Security Evaluation Operations

Run security tasks as repeatable evaluations, review failures, and widen the investigation in analytics.

Use this recipe when you already know what should be tested and need a repeatable pass/fail run. The short version is: choose the right task or dataset, launch in the right scope, inspect one failing sample, then widen into analytics only if the failure looks systemic.

  • you need repeatable security verification instead of one transcript
  • you already have a Security Task or a Dataset
  • you want a clean path from one failing sample to traces and analytics
  • the correct workspace and project
  • a task or a dataset-backed manifest
  • a clear idea of whether you are checking product behavior, environment setup, or both
Use this inputWhen it is the primary driver
taskyou need the right environment and verification logic
datasetyou need pinned per-sample rows and each row already carries its own task_name

Choose the task when the environment and verifier are the main thing you care about. Choose the dataset when the sample set itself is the main thing you care about and each row already names the task to run.

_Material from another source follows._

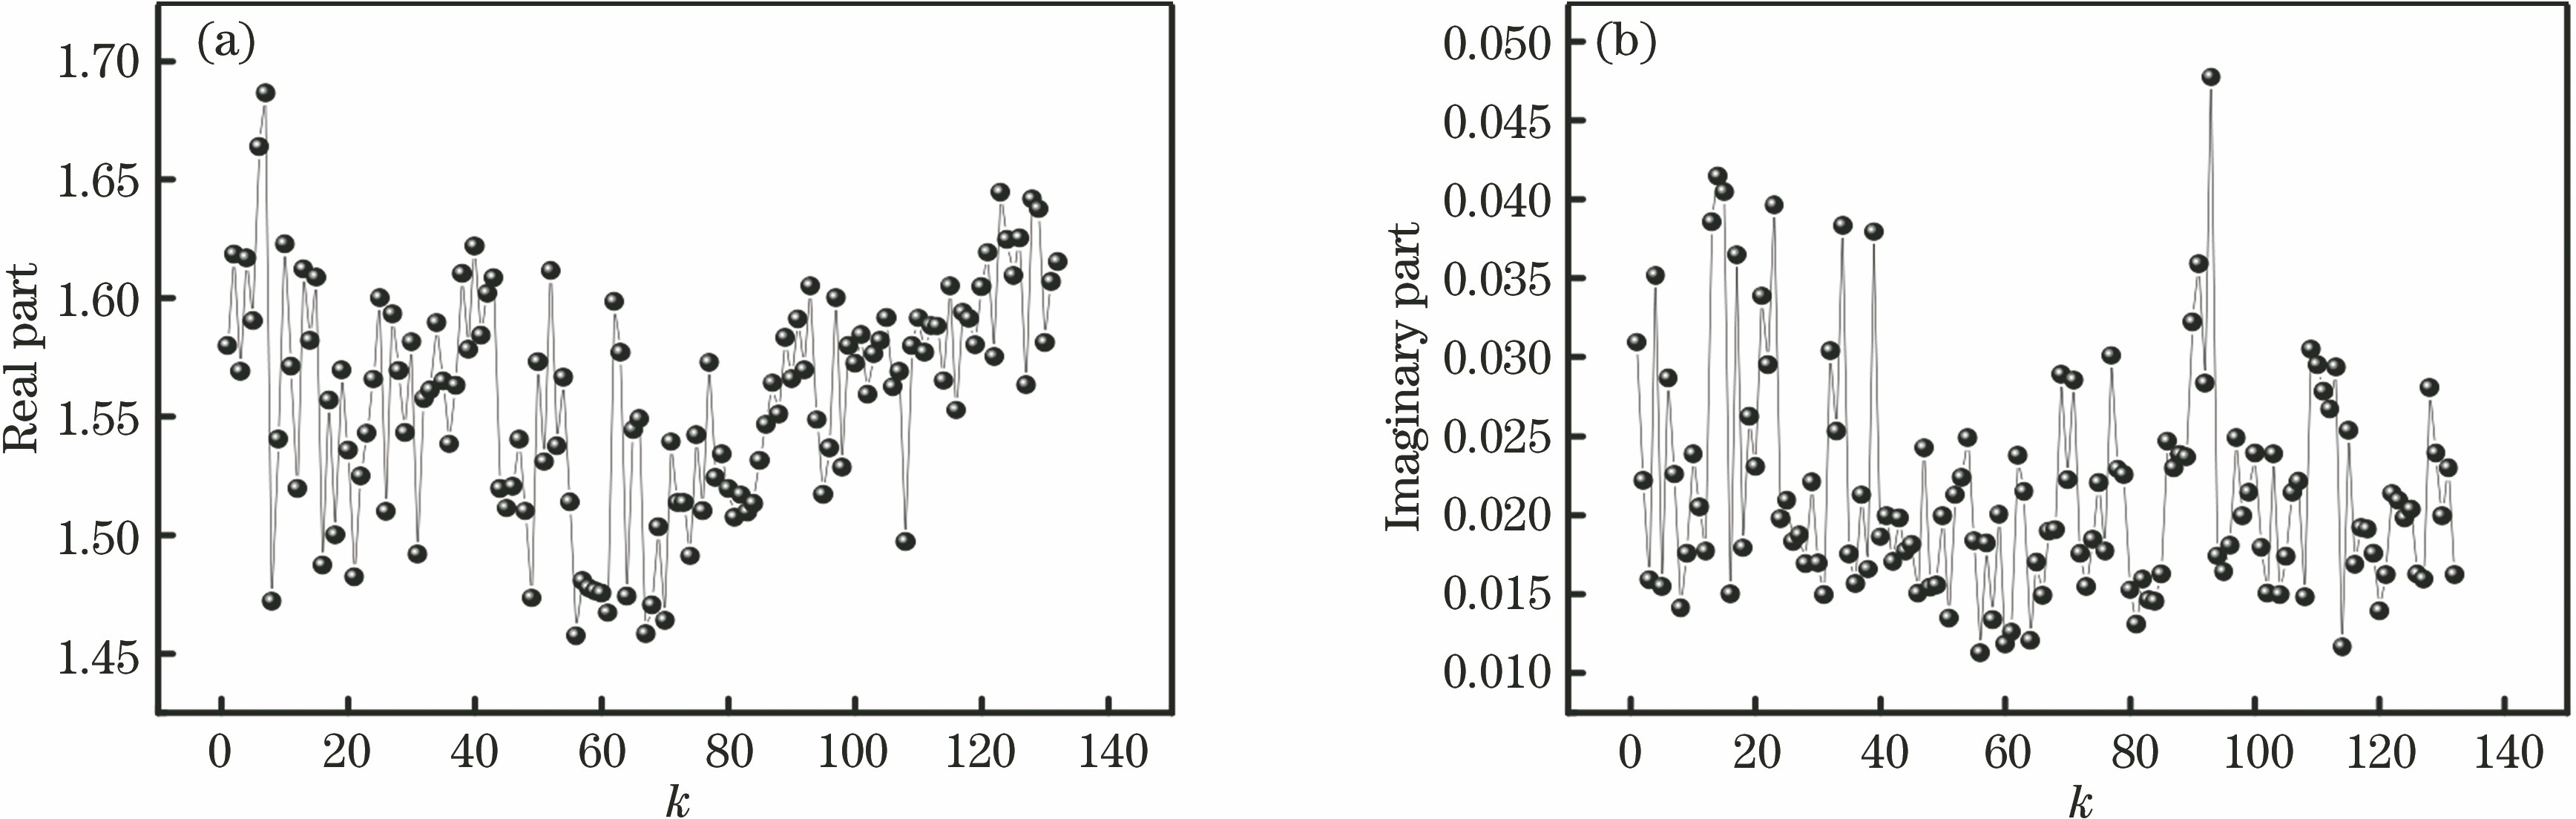 Time sequences of real part (nre) and imaginary part (ni) of equivalent complex refractive index of “dry” aerosol. (a) nre; (b) ni

2. Launch the evaluation in the right scope

Section titled “2. Launch the evaluation in the right scope”

From the CLI:

Terminal window
dn evaluation create regression-check \
--task corp-recon \
--model openai/gpt-4.1-mini \
--concurrency 4 \
--wait

Or from the TUI:

Terminal window
dreadnode
# 1. switch to the target workspace with /workspace <key>
# 2. press Ctrl+E to open evaluations
# 3. submit the evaluation against the chosen task or dataset

Keep workspace and project selection explicit. The same scope determines what you will see later in /tui/evaluations/, traces, and /platform/agents/.

For dataset-backed hosted runs from the CLI, use --file evaluation.yaml rather than trying to encode rows as flags.

3. Inspect one representative failure while the run is live

Section titled “3. Inspect one representative failure while the run is live”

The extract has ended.